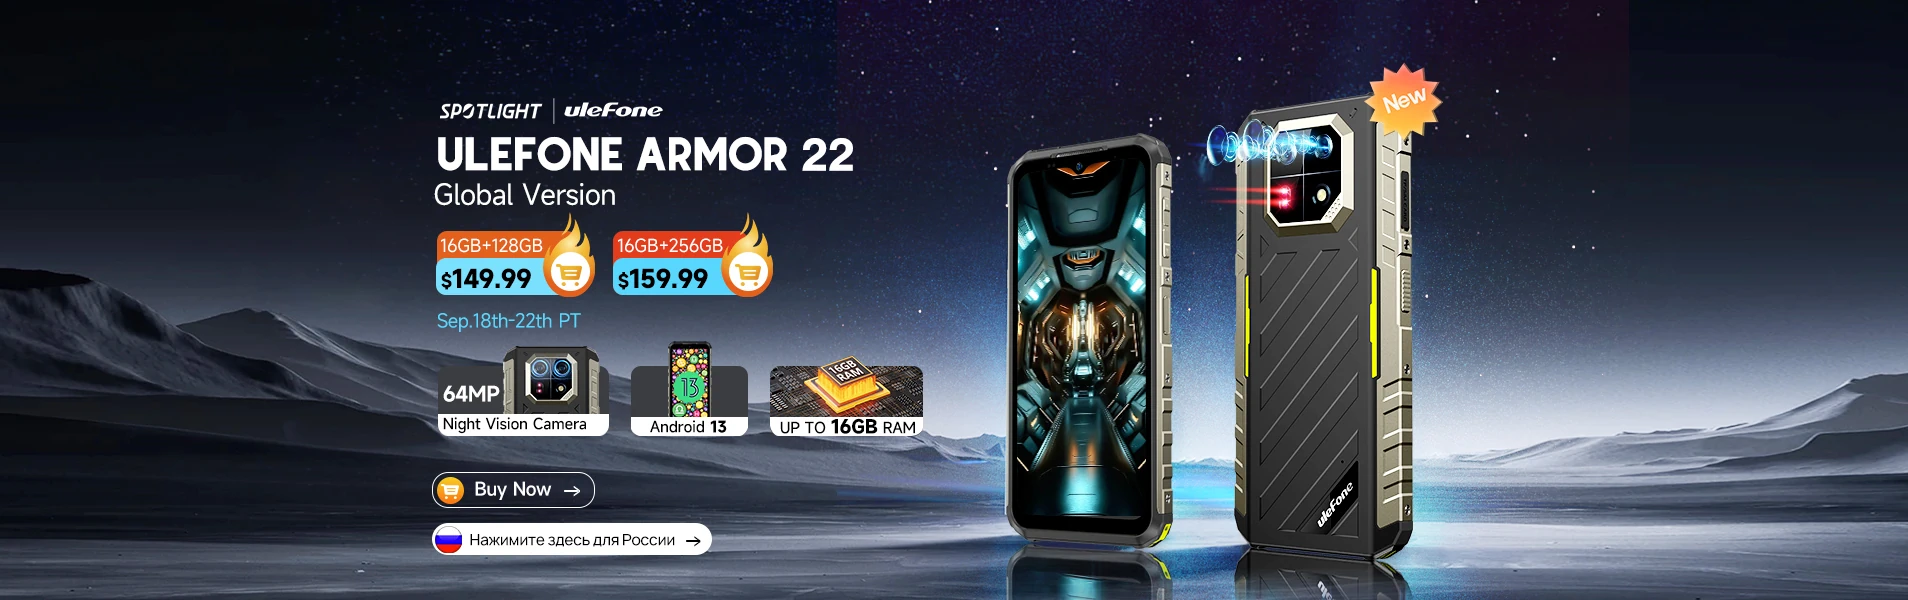 Распродажа смартфонов Ulefone Armor 22 со скидкой
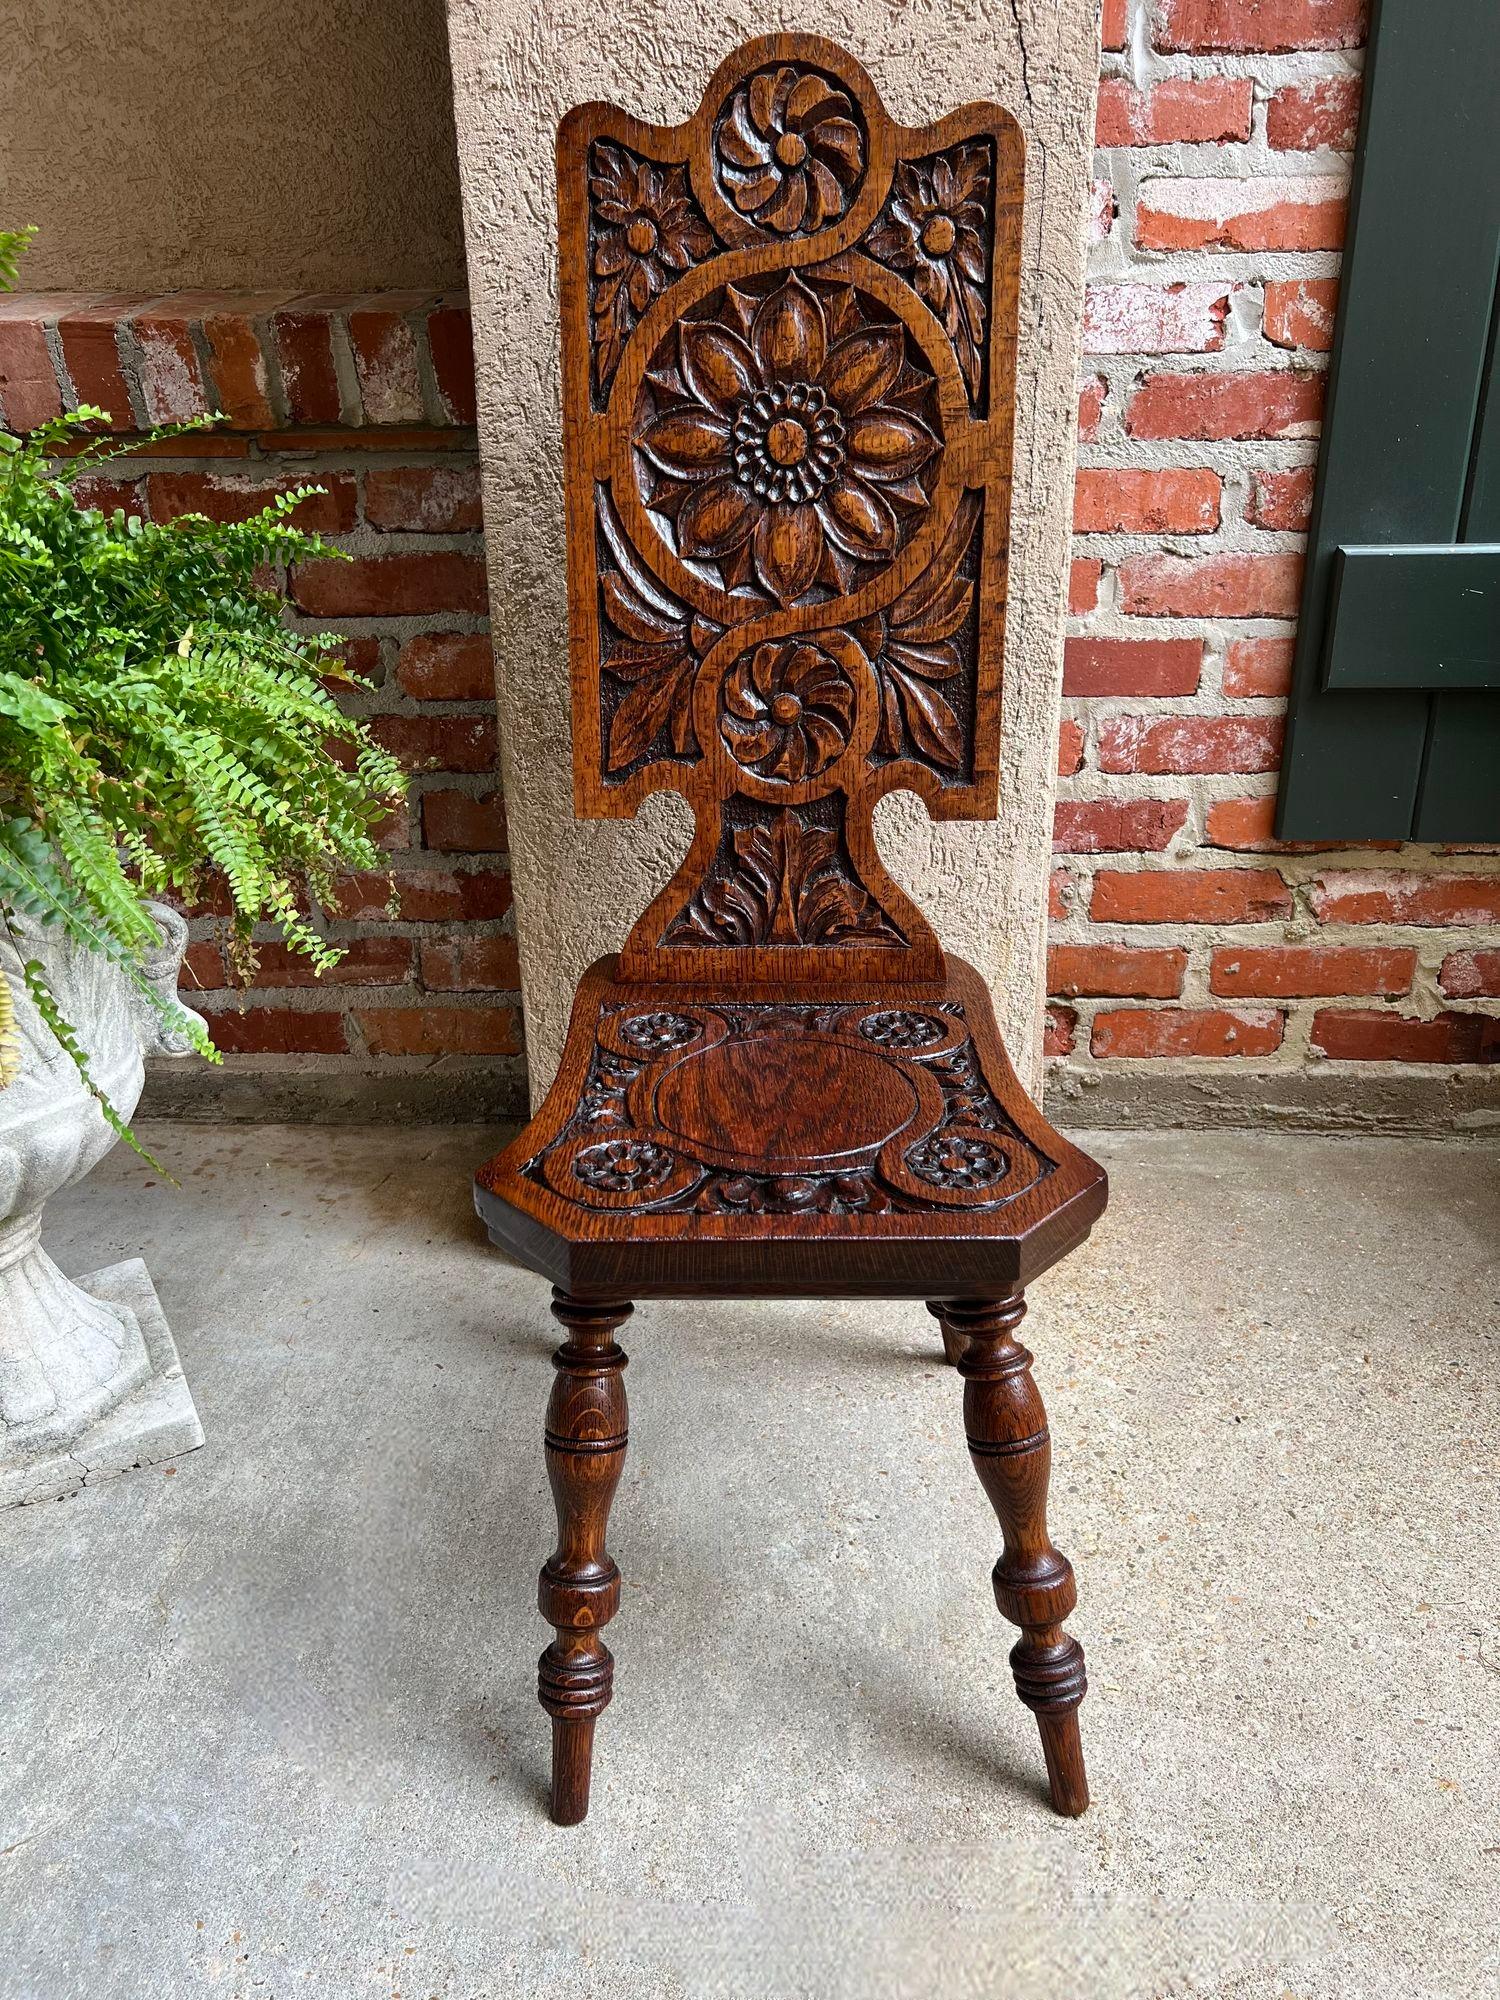 Antike englische Spinning Wheel Chair geschnitzt Eiche Halle Kamin Herd Stuhl.

Direkt aus England, ein wunderschöner antiker englischer

WHAT IS NEEDED:
Write down the full listing above exactly as it is, except for any images.

RESPONSE:
 Распродажа смартфонов Ulefone Armor 22 со скидкой
 Antike englische Spinning Wheel Chair geschnitzt Eiche Halle Kamin Herd Stuhl.

Direkt aus England, ein wunderschöner antiker englischer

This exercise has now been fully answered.